Вконец остервенев, Жора схватил самые внушительные кукурузные палки от уборной и кинулся на детей, стараясь до кого-нибудь всё-таки добраться. Он рванулся с такой силой, что загудела цепь, натянувшись. И при этом Жора не упал! Он лишь покренился вперёд – настолько его напряжённые мышцы были подчинены контролю разума, наполненного ненавистью. Жора забыл думать о полученных вчера ранах – в эту минуту у него ничего не болело!

И вот он уже мечется из стороны в сторону, с яростью замахиваясь на выскакивающего из кукурузы ребёнка, а тот увёртывается, как угорь, – и его озорная мордочка виднеется в нескольких шагах правее или левее Жоры. Даже Любочка была “сама проворная газелька” – ни один замах Жоры не мог её настигнуть. Правда, она всякий раз раньше срока пугалась занесённой палки и с радостным визгом уносилась прочь.

Тогда, с досады, Жора метнул полутораметровый кукурузный стебель, словно копьё, в видимую среди зарослей спину не то Саши, не то Бориски. И тотчас швырнул другой стебель в Катю, вдруг выставившуюся слева от мальчика, – тот завертелся, вычерчивая круги, и, облизав тоненький стан девочки, завяз в кукурузе. Катя лишь ойкнула, и стала с недоверием прислушиваться к себе, не веря, что ничуточки не пострадала. Из кукурузы выбрался Саша. Он с интересом почёсывал спину между лопаток – туда угодило пущенное Жорой копьё. Мальчик и девочка переглянулись – со стороны Жоры это было форменным безобразием! Игра начала выходить из-под контроля – азарт и запал перехлестнули через край!

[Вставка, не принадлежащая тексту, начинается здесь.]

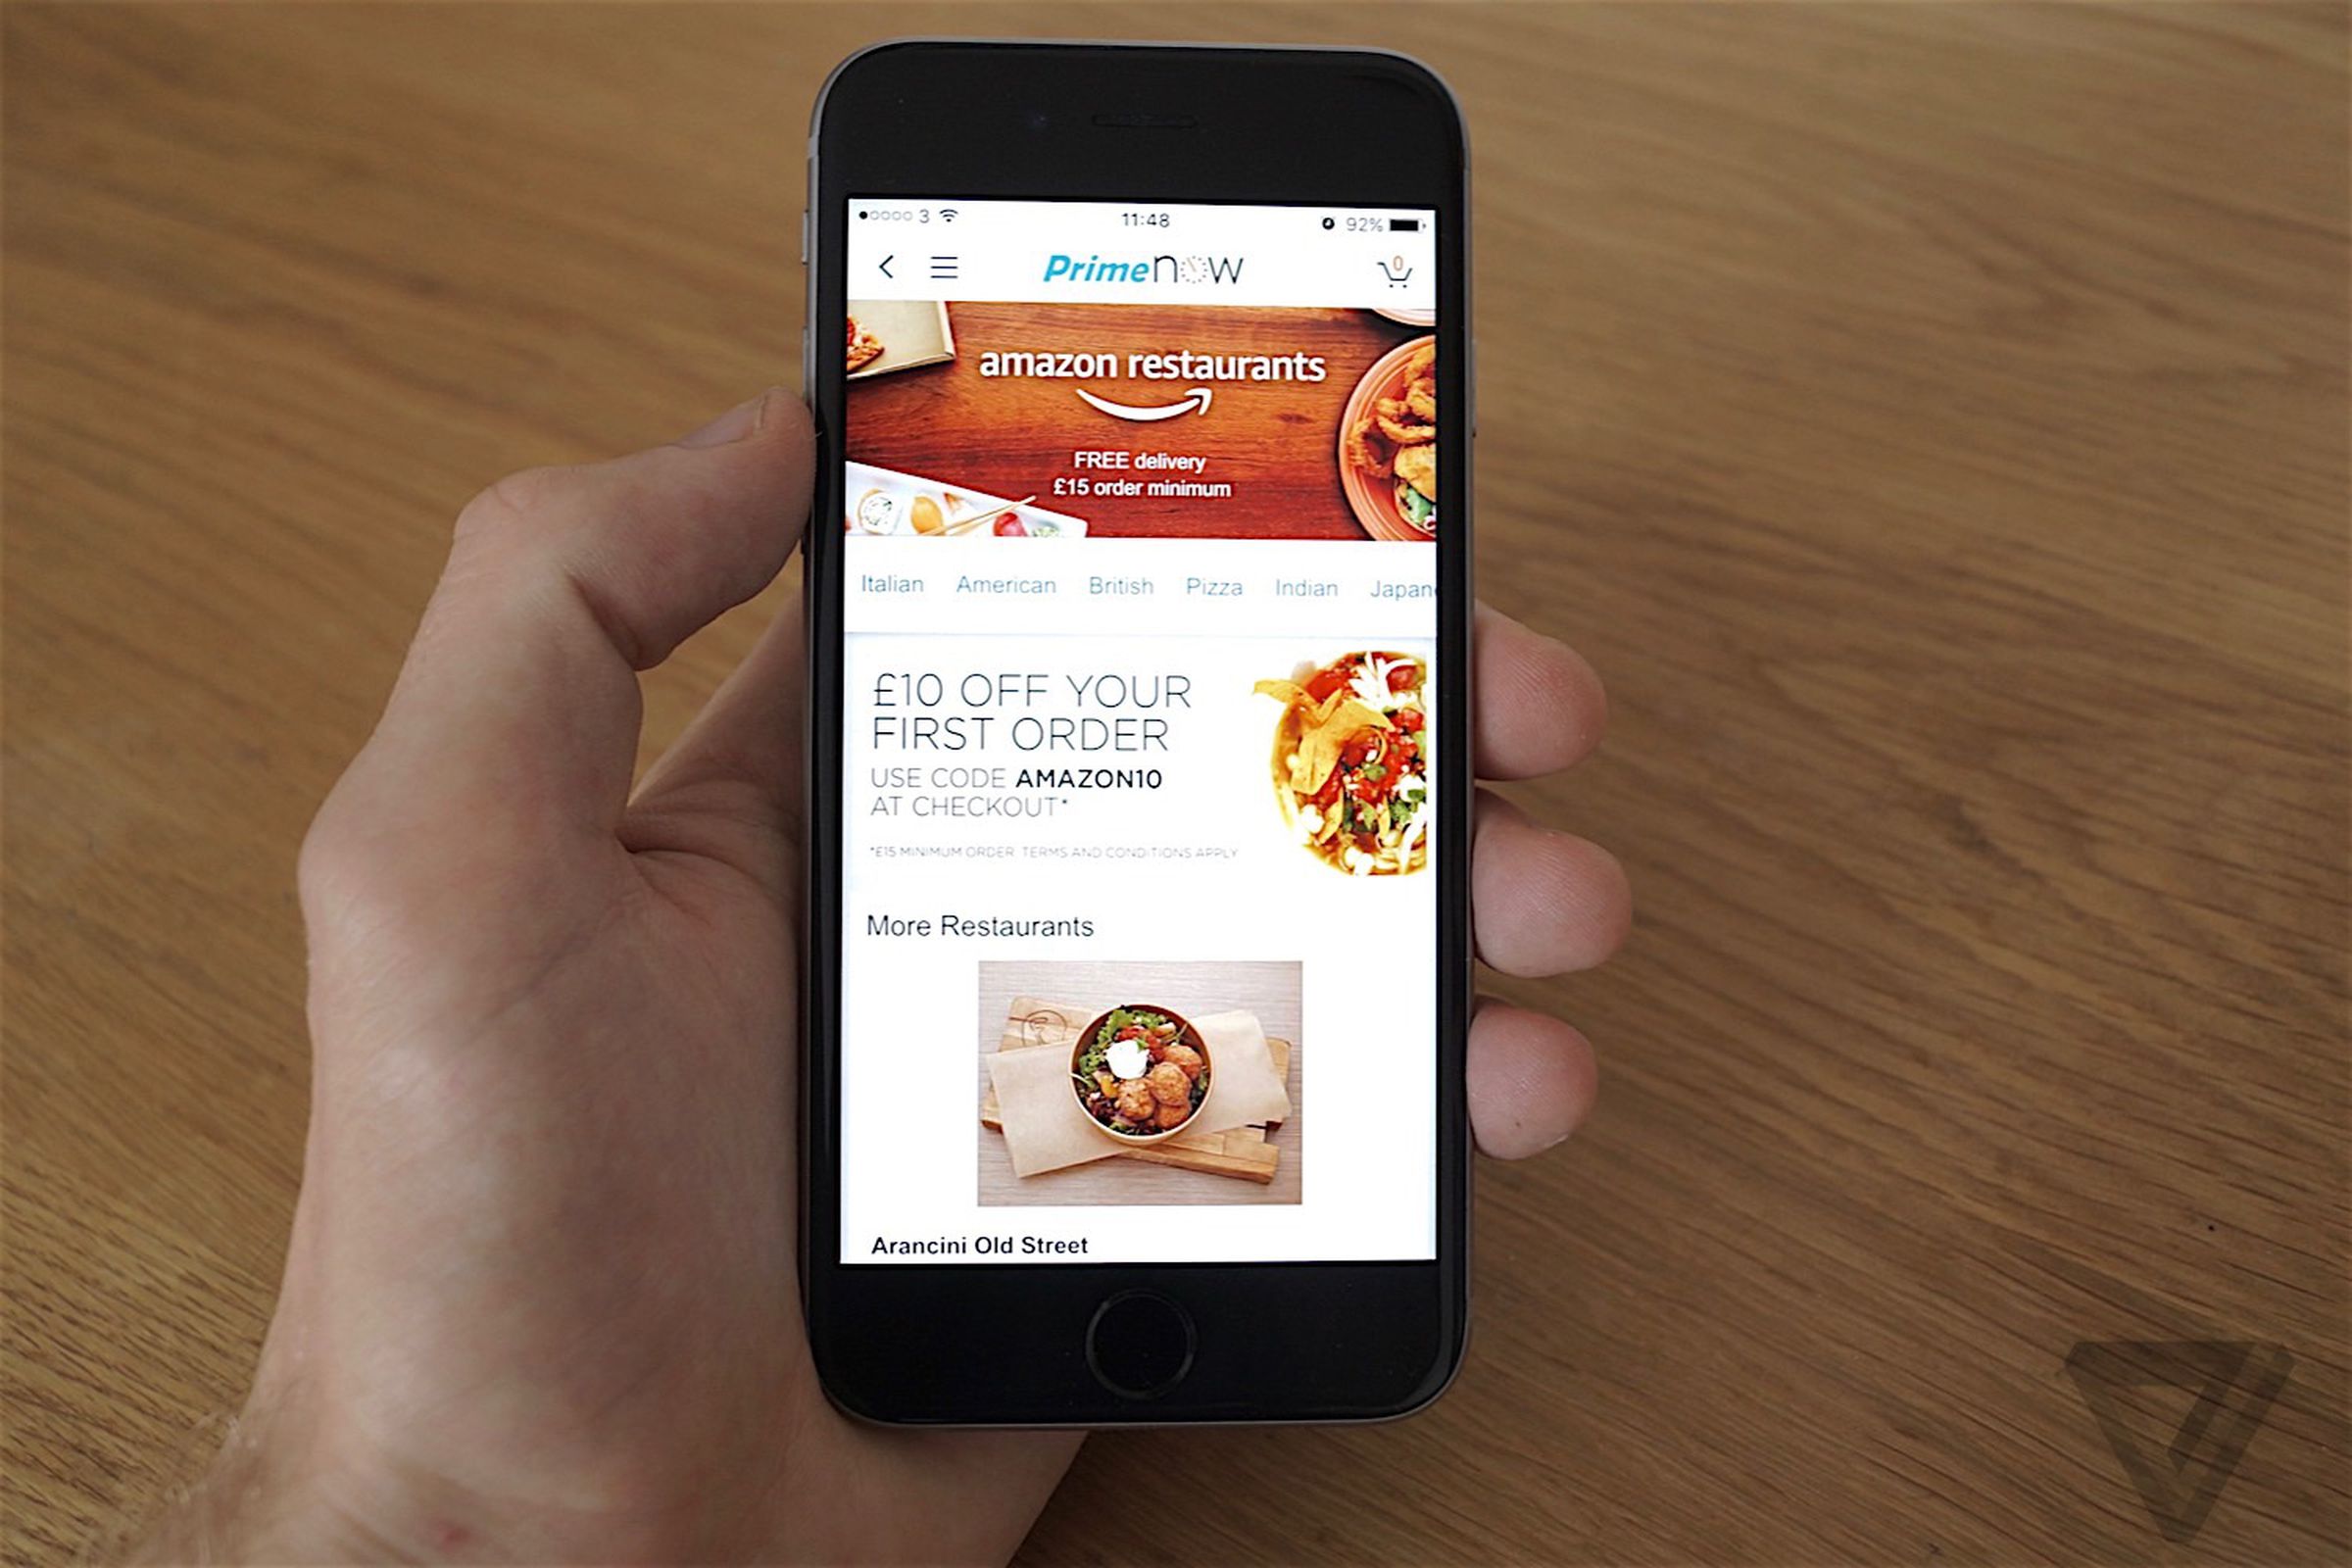 Amazon Restaurants is available through the Prime Now app in London.

Катя выудила из кукурузы стебель, пролетевший мимо и лишь коснувшийся её, и запустила им в Жору, который крутился волчком, методично метая новые “копья” в других детей. Нехитрое орудие насилия угодило точно в цель! От неожиданности Жора подскочил и сразу же обернулся, пронзая Катю пылающим оком… В воздухе что-то мелькнуло. Оно кружилось, оно неслось к девочке!

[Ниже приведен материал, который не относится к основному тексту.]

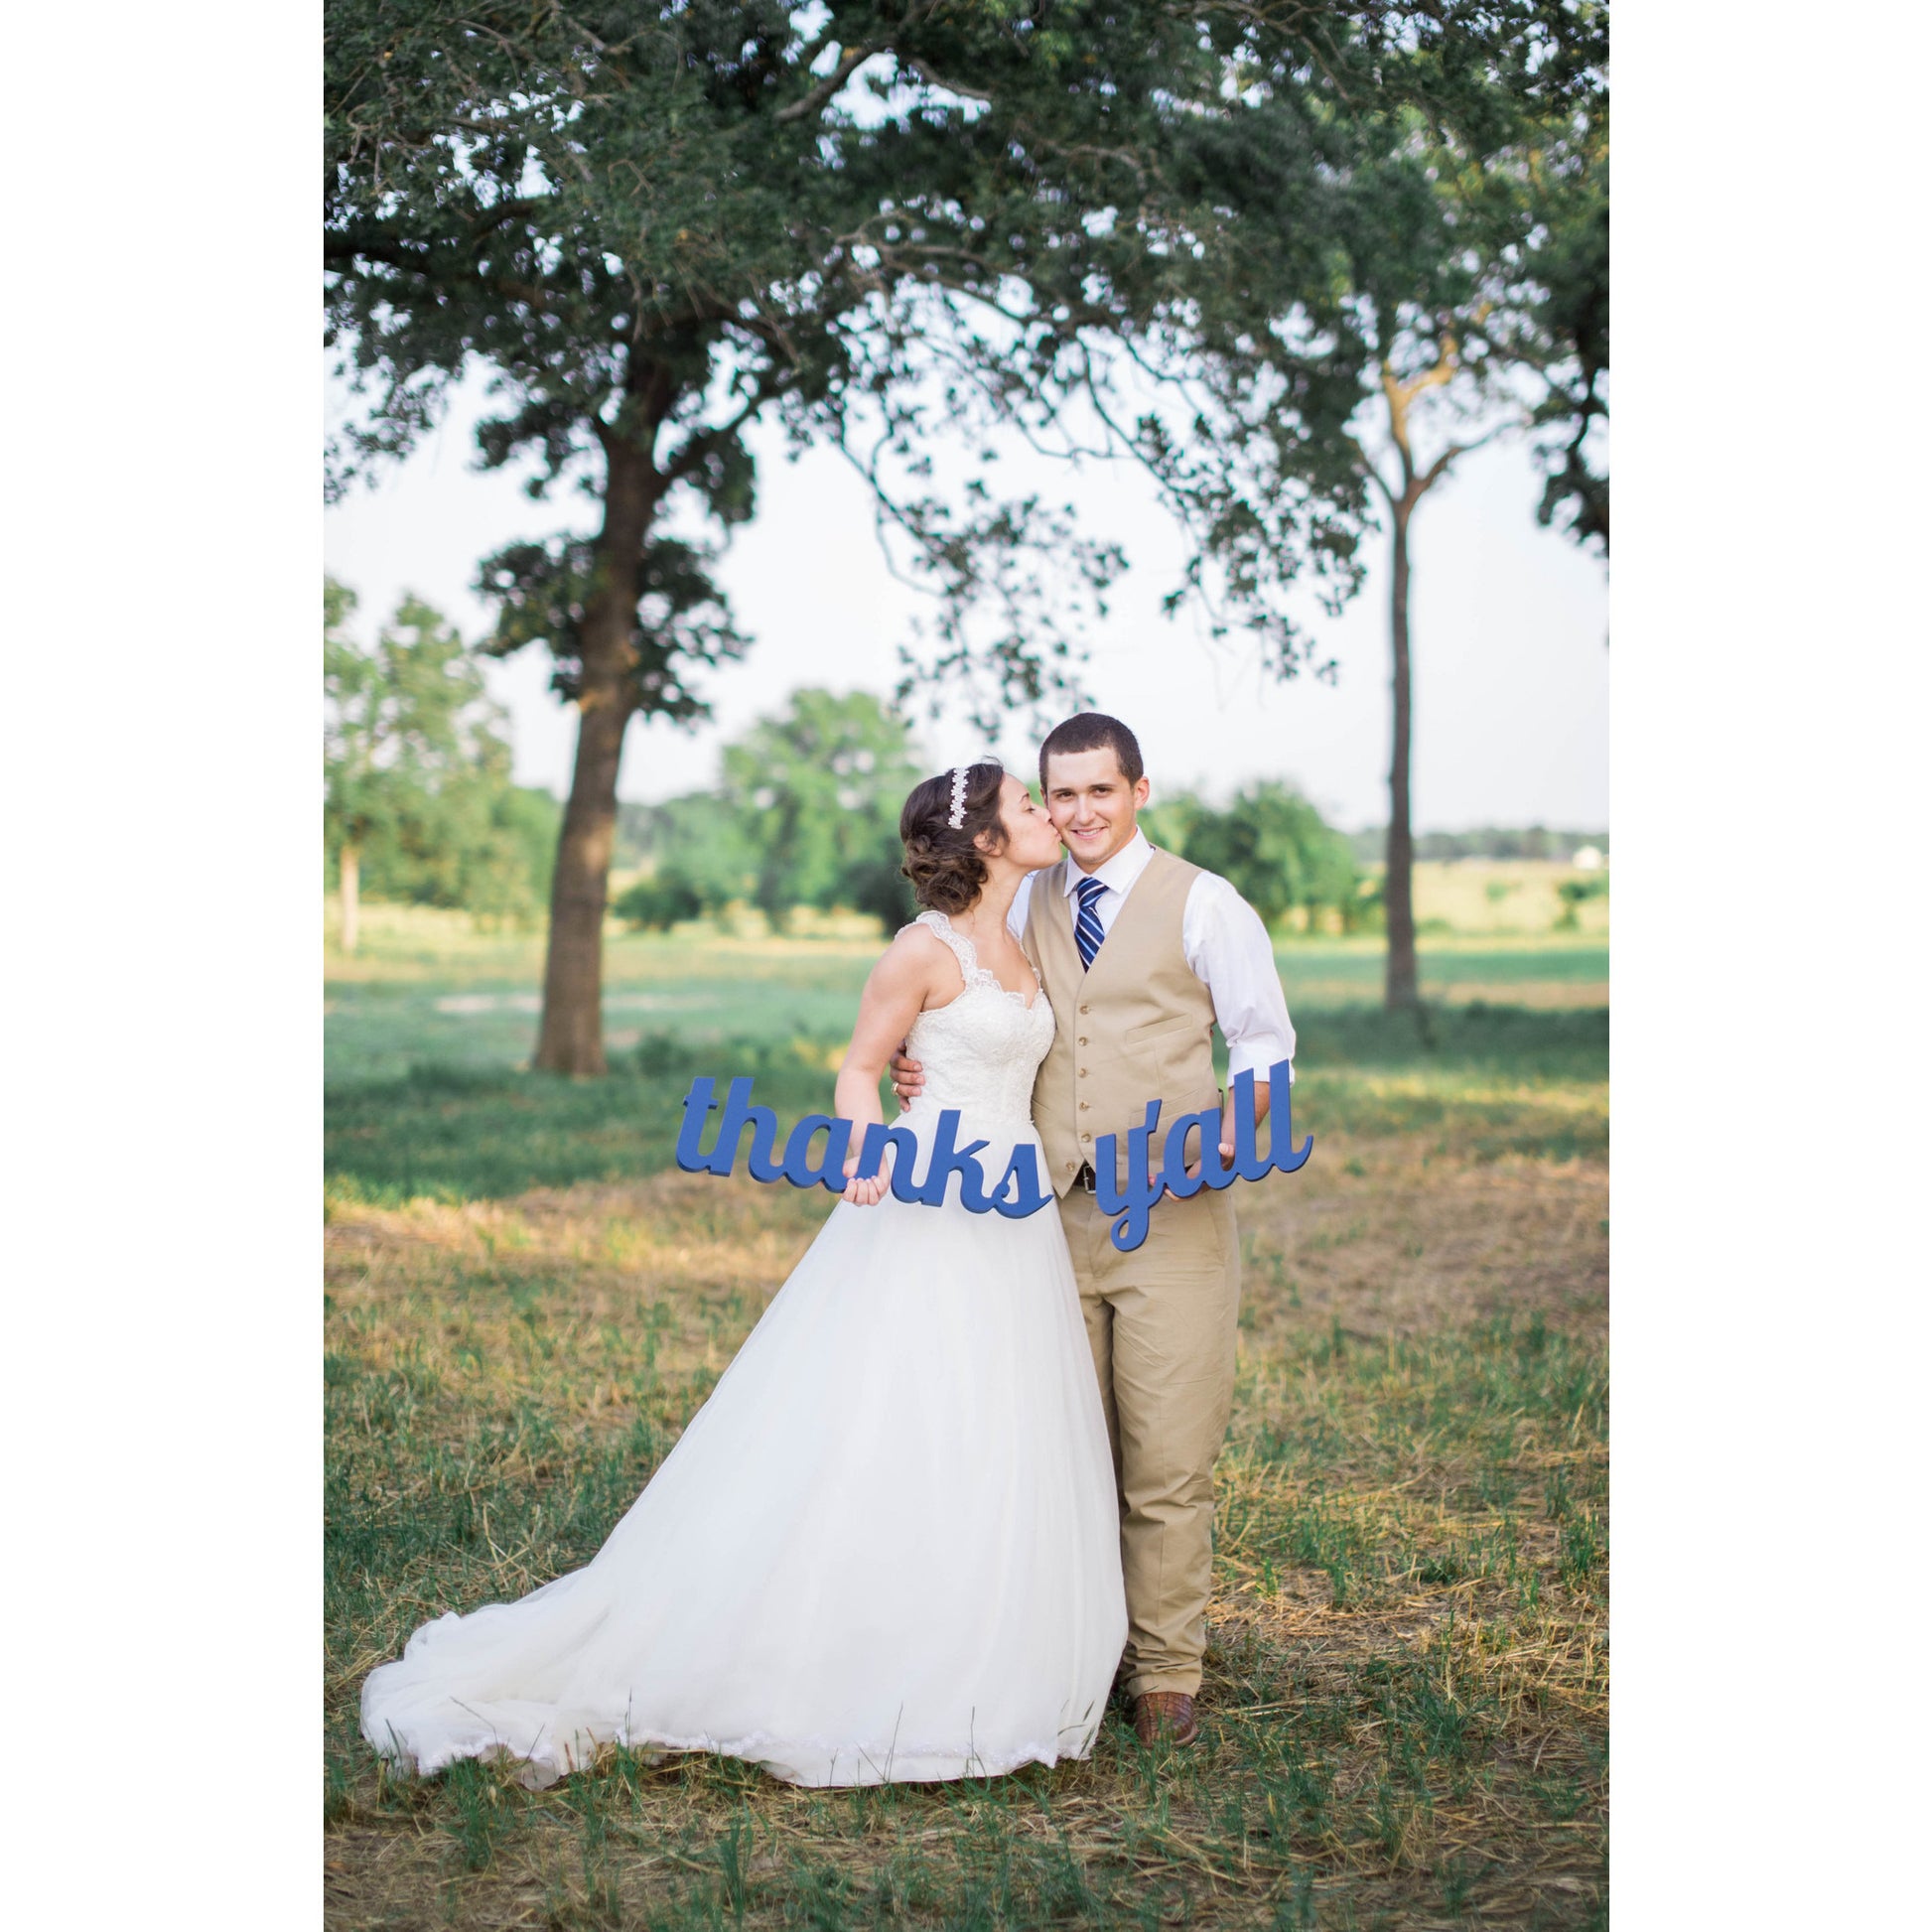 "Thanks Y'all" Sign Wedding Photo Prop - Wedding Decor Gifts

Катя взвизгнула и растворилась в кукурузе.

Следом за ней пропал и Саша – ему уже не хотелось продолжать “весёлую игру”: после того, как ему в спину ударился стебель, былая беспечность с него слетела, как кора с трухлявой сосны при ударе топора лесника.

Катя тоже поскучнела. Саша нашёл её среди кукурузы и подошёл к ней.

– Посмотри, – попросил мальчик, поворачиваясь спиной.

Катя подняла его майку – ничего не увидела, но это не вернуло им былого настроения.

На них вылетел Митя, вспотевший, чумазый, с разодранной на правом боку рубашкой. Он широко улыбался и то и дело поправлял большие очки, спадающие на кончик носа от его суетных подёргиваний.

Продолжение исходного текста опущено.